Madame du Coudray's "machine" for teaching midwifery in the 18th century. Just its existence is enough for me to enjoy! (Thank you Daphna Oren-Magidor for this!)

  • That since 1733, fathers were financially responsible for their children, wed or not. But the Bastardy law, passed in 1834, made illegitimate children the sole financial responsibility of the mother, plunging many unwed mothers into shocking poverty. Combined with the 1803 Miscarriage of Women Act that had made attempted abortion a capital punishment if it was after "the quickening" (when the movements of the fetus can be felt in the womb, around 20 weeks), this left unwed mothers with precious few safeguards compared to the 1700s. The subsequent rise in hysteria about "baby-farming" (offloading all parental responsibility to other people) compounded the moral outrage. Victorians really went backwards on human rights in the name of moral outrage. (Lizzy Craig-Atkins and Mary Fissell's talk).

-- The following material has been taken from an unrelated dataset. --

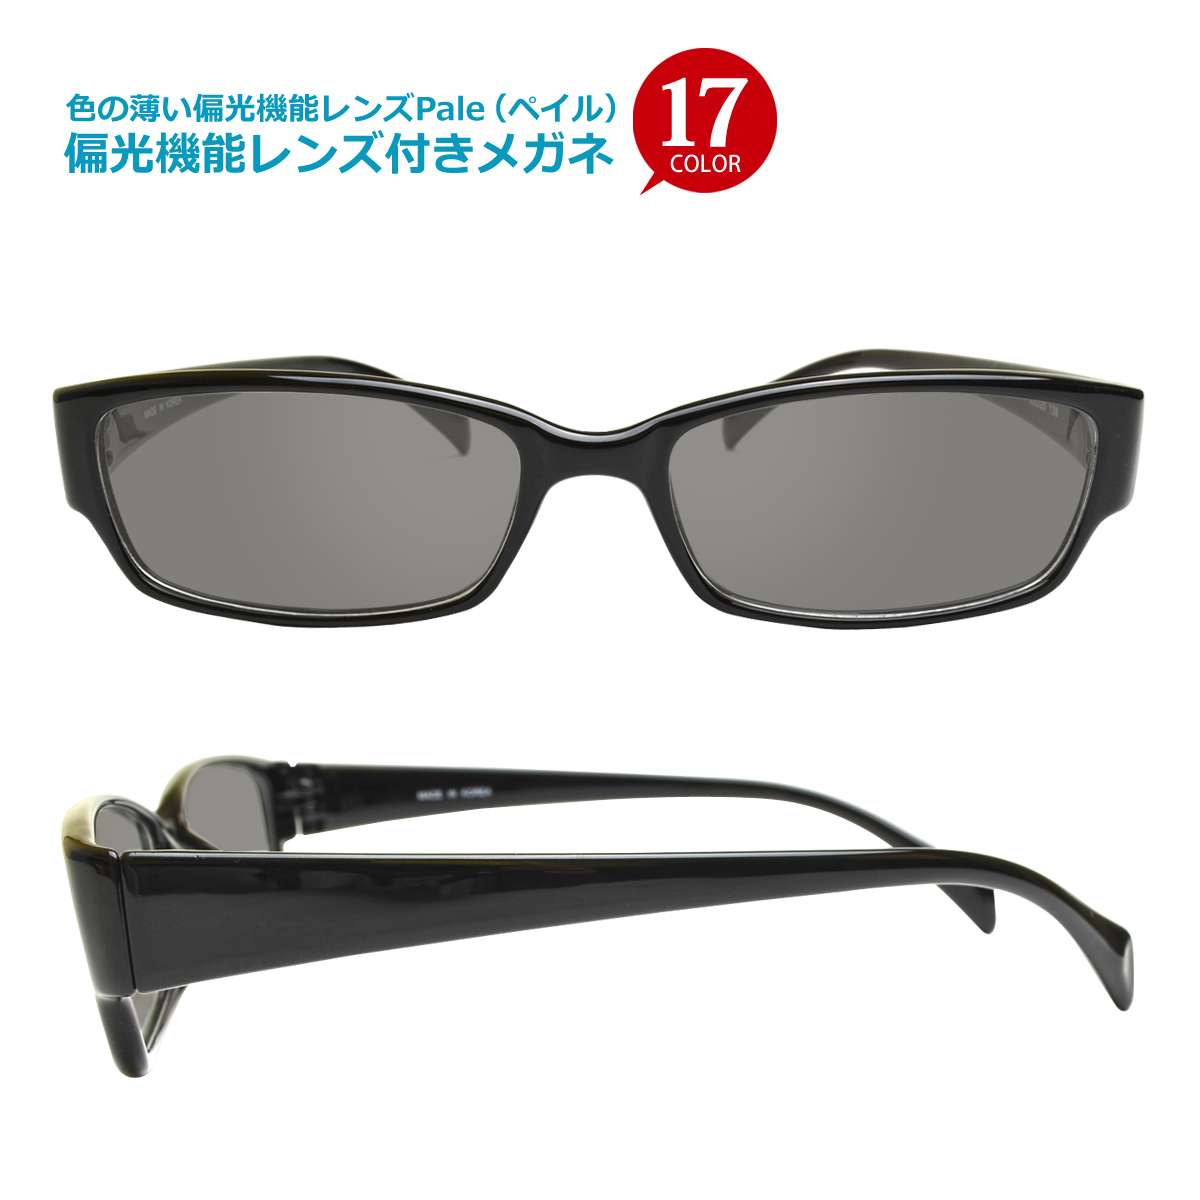 Made in Japanの技術が生んだ 色の薄い偏光機能レンズ 偏光機能レンズ付きメガネ 乱視対応 Lune-0001 フレームタイプ スクエア ショップ 度入り 本物

  • And despite the disaster that pregnancy could be, not just to unwed mothers but also large families who couldn't afford another child, and despite the high mortality rates and claims that parents weren't invested emotionally in children for the first few years, and with no "proper" place in a churchyard for unbaptised infants (and possibly miscarriages), in St Hilda's churchyard in South Shields there are a number of tiny coffins buried in an organised, decent and respectful space, showing just how much infants or possibly miscarried fetuses of as young as 20 weeks were still cherished and cared for (Lizzy Craig-Atkins and Mary Fissell's talk).

  • People went to hospital for broken arms and legs, but not as often for broken fingers and toes (comparing hospital records to skeletal remains). (Madeleine Mant's talk.)

  • Also, there seem to be a lot of rib fractures in the past. I mean, really quite a lot. A woman with 46 healing or healed rib fractures!

  • Male skeletons often present with an array of rib fractures, along with nasal fractures and 1st and 5th metacarpal fractures. Pugilism, or fist fighting, was a common pastime.

  • But women would fight too. My favourite being this image from the British Library showing two woman "verbally abusing each other", an illustration of a real event from the Whores and Bawds of Drury Lane:

One lady is saying "Come out you Bitch, I'll maul you"

And the other lady is saying (Kiss my Arse you Whore. I'll nab your Cuckold."

  • It's nice to see that the world hasn't changed that much, and historical figures are still relatable.

*In regards to repatriation of the maori heads, I had a nice discussion with Shawn about this as the ethical issues are complex - the maoris of the time were quite happy to sell the heads to Robley, and were sometimes done as a humiliation to enemies rather than a kind treatment for loved ones. Though Robley did offer to sell the collection to back to New Zealand in his lifetime, they declined and it was acquired by the America Museum of Natural History. This isn't the awful grave robbing of aboriginal remains and subsequent disrespectful use, but was a open-eyed business transaction - however strange and distasteful that may seem now.